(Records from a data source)
+++
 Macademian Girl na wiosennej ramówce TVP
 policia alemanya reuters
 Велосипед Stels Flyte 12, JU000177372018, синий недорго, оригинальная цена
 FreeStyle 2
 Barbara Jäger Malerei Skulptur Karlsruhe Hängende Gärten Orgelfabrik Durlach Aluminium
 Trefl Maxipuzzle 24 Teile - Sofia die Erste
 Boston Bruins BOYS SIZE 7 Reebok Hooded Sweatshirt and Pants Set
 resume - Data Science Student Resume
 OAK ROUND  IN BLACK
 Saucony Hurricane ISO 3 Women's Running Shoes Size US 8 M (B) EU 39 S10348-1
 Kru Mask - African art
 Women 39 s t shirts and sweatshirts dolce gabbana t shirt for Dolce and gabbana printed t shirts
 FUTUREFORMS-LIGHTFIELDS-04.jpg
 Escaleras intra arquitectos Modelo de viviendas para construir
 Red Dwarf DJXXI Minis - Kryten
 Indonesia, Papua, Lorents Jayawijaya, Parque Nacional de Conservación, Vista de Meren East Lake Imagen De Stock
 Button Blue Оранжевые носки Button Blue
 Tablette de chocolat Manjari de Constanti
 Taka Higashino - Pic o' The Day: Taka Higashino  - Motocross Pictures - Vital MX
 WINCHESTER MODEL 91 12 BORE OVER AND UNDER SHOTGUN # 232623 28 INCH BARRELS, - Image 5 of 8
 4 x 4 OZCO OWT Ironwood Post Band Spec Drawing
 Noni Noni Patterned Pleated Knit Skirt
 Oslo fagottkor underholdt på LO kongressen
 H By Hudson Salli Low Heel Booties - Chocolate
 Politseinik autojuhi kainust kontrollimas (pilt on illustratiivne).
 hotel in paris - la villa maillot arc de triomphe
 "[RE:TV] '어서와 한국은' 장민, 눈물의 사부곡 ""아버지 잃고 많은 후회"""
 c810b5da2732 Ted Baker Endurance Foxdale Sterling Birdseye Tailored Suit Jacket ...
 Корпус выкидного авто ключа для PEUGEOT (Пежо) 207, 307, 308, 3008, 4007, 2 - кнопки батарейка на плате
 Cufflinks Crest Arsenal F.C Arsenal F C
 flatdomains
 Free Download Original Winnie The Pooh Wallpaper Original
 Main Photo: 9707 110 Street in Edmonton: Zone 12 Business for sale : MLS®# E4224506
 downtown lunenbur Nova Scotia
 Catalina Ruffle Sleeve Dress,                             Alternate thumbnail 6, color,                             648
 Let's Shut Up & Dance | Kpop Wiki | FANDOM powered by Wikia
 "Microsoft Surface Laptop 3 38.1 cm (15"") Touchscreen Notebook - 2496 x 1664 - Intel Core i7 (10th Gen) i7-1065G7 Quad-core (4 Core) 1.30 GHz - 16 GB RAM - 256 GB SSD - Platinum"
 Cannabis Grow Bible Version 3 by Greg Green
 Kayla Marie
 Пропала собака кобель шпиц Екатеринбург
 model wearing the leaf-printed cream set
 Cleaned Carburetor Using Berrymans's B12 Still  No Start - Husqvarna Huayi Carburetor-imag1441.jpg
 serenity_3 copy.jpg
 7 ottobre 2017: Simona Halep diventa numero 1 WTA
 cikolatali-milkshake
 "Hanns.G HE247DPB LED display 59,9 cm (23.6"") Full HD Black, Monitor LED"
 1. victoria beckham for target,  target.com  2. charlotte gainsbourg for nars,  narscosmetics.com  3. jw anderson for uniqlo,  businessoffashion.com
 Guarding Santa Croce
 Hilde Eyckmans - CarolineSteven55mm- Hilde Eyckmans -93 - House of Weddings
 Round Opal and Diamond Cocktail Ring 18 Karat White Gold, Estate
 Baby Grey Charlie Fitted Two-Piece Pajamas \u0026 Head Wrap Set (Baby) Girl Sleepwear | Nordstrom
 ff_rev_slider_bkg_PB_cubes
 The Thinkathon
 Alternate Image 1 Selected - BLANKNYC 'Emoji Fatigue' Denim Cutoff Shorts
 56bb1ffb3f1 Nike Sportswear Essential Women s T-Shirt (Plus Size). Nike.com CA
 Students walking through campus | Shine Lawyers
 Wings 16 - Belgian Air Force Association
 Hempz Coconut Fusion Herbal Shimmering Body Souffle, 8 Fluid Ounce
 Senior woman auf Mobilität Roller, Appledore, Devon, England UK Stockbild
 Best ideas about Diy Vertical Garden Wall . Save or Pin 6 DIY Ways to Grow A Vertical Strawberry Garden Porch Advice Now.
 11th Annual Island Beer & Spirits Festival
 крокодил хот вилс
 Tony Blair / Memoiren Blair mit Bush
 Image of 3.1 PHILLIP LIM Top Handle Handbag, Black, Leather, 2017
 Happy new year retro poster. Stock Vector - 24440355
+++
**TASK REQUIREMENTS**
Where a line of the data above includes the string "Women", pull it out.

**ANSWER TO THIS EXERCISE**
 Saucony Hurricane ISO 3 Women's Running Shoes Size US 8 M (B) EU 39 S10348-1
 Women 39 s t shirts and sweatshirts dolce gabbana t shirt for Dolce and gabbana printed t shirts
 56bb1ffb3f1 Nike Sportswear Essential Women s T-Shirt (Plus Size). Nike.com CA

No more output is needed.